Inverters are mostly wire wrapped transformer and electronics. Electronics typically have enormous up front costs to set up the plant, and fairly cheap costs per unit.

A good example of this can be found by tracking the per chip cost of memory. For a given technology, the price will start high, and as more factories come on line, it drops, then as the next level of tech comes on line, the old tech will rise again.

I would expect that inverters will follow a similar path, possibly not following it quite as hard due to the transformer costs. (Transformers are very well established technology)

That said, some of the design efficiencies will take longer to establish.

A: Houses purpose built with room for 3-10 kW of solar cells, so that installation is trivial.

B: Standardization of mounting systems so that houses are built with standard mounting points, and conduit for wires in place.

C: Code reform that all new housing must have power isolation built in.

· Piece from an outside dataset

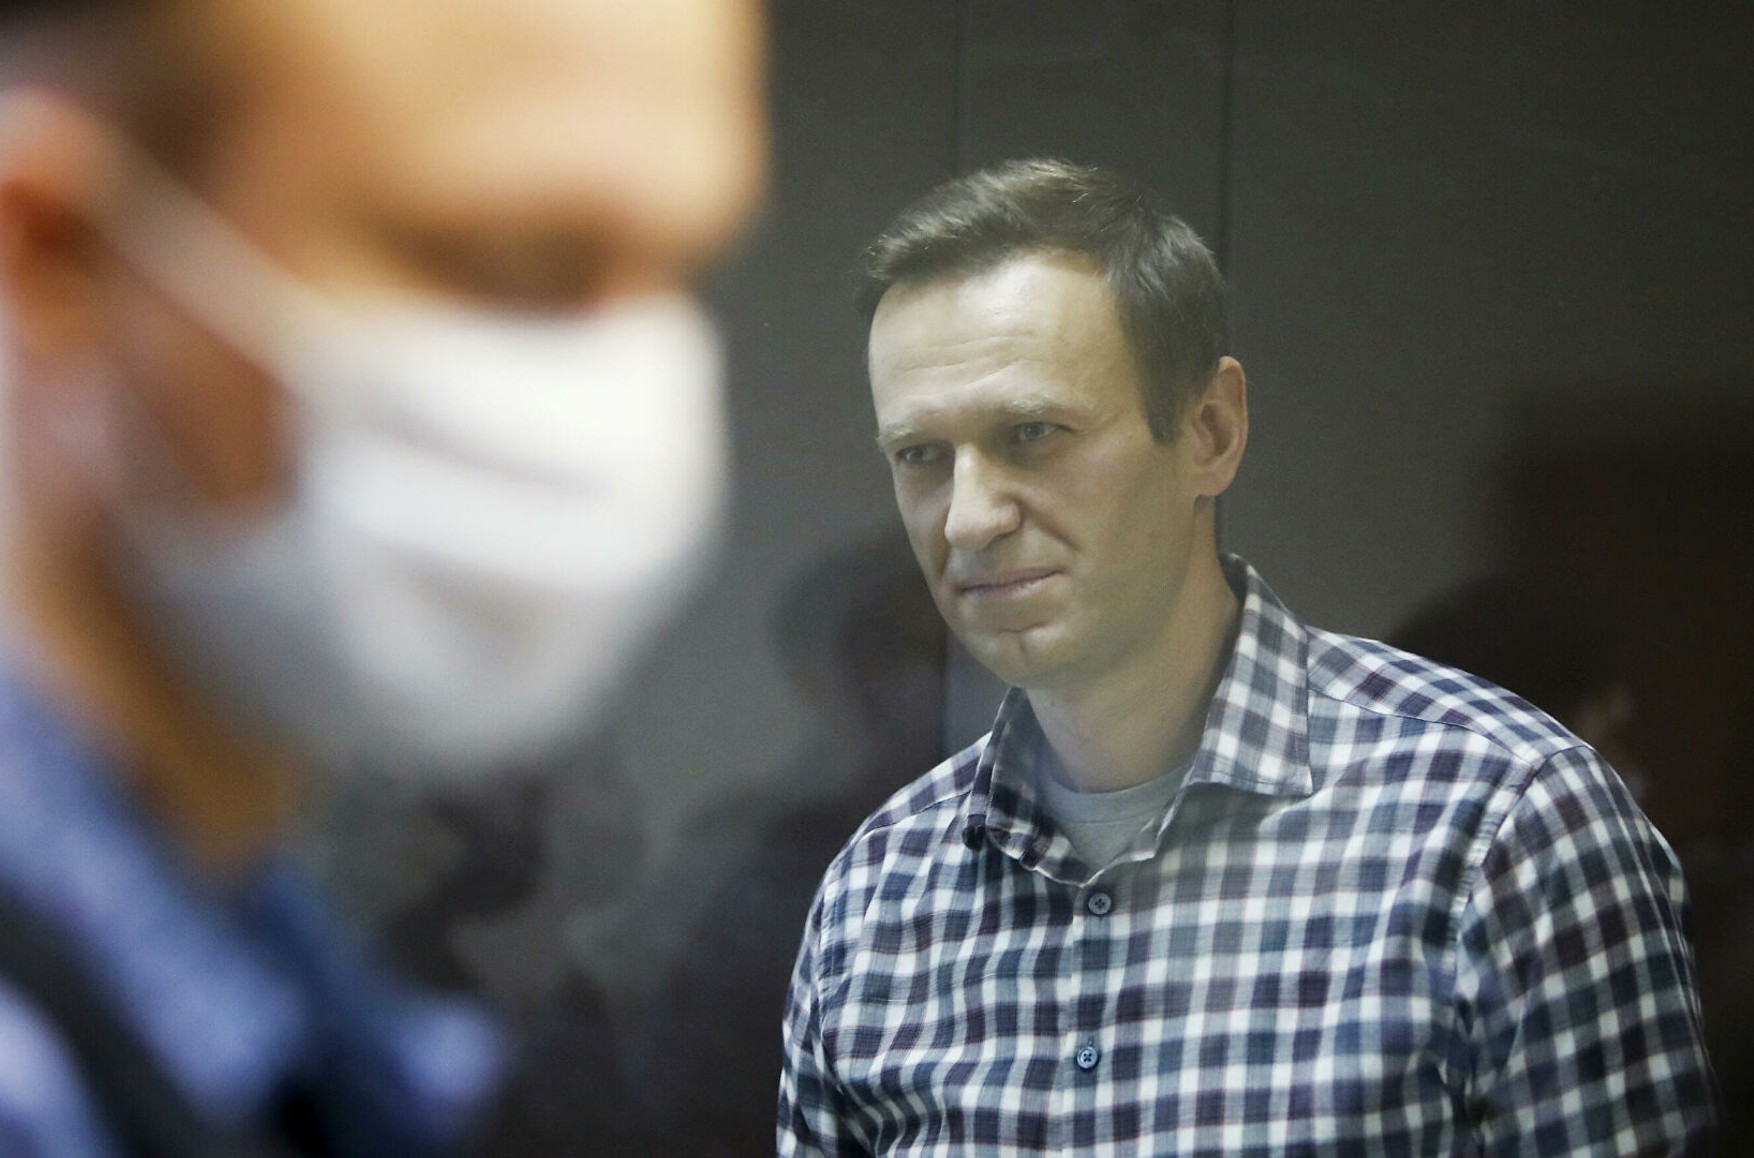 ФСВП: Навальному в колонії роблять всю необхідну медичну допомогу
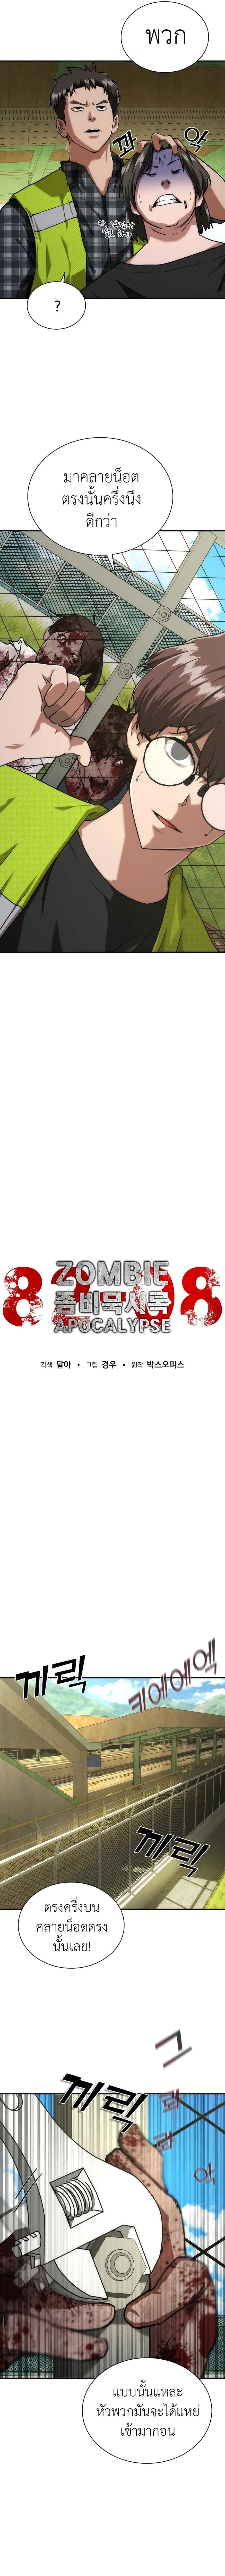 Zombie Apocalypse 82-08 11-11

This is MUCH cheaper to put in when the service is installed rather than as a retrofit.

D: Standards for communication so that inverters can be mixed and matched at will.

These factors alone could cut the installation costs of PV substantially.

One change we are already seeing is the modularization of inverters. The inverter is sized to handle some small number of panels. So you may put up 12 panels and have 4 inverters. They have a single lead that keeps them all in sync. This makes it easy to replace one that goes bad.

The next big drop will be the permission to do it yourself with a single electrical inspection. PV isn't rocket science. Anyone who is comfortable wiring their bathroom should be able to do it. Not covered in the how-to books, nor the Alberta Electrical Code Simplified just yet.